Nov 082018
 

What is happening in international business?

The international business consultant Leif Holmvall, on his visit in Europe, came to EADA to give an exclusive conference about the future of export and growth opportunities in international business.

The international business consultant Leif Holmvall, on his visit to Europe, came to EADA to give an exclusive conference about the future of export and growth opportunities in international business.

Last October, Leif Holmvall, an international business consultant with 50 years of experience, gave an exclusive conference at EADA about the future of export and growth opportunities in international business. After the introduction of Jan Jonckheere, Professor of the EADA’s Direction of International Business programme, Holmvall told about what is happening in international business in general: the trends, the shifts in sectors and how and where we can grow our business.

The main points of Holmvall conference were:

  • The fact that nowadays you can not just wait and see…sooner or later somebody will start nibbling at your market, so be alerted and proactive.
  • The market is changing very quickly, players which were important 20 years ago, have disappeared today.
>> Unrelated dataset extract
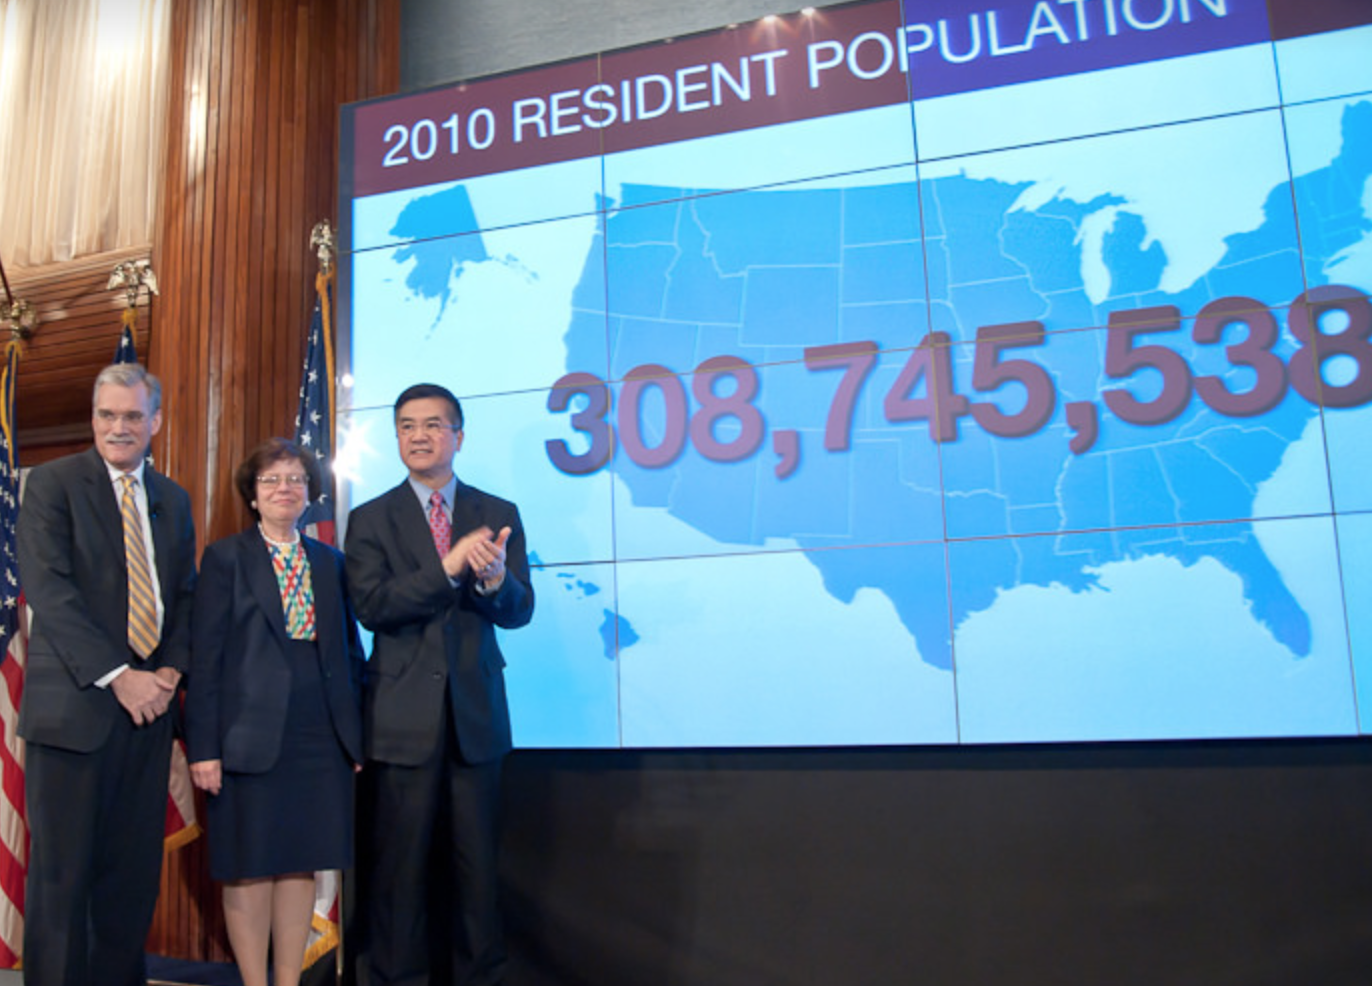 U.S. Census Bureau presentation

So, change with the market, adapt and spread your risks (exactly as you would do in the stock market).
  • Export business today is available for everyone. It was always and still is to a high degree a matter of cultural understandings. In international business, understanding the other culture is 85%, your company is 10%, your product only counts for 5%.
  • International business is broader than export: also think about importing (instead of reinventing the wheel), licensing, joint ventures and other structures.
  • Looking at markets, there is a clear tendency from local to global and from West to East; China, India, Indonesia, Thailand, South-Korea, all in Asia, are very promising markets.
  • By 2050 the top ten countries with the highest GDP will have changed completely, and no European countries will be in there. Also, the population and workforce will change dramatically, with important consequences (a.o. a lot of older people).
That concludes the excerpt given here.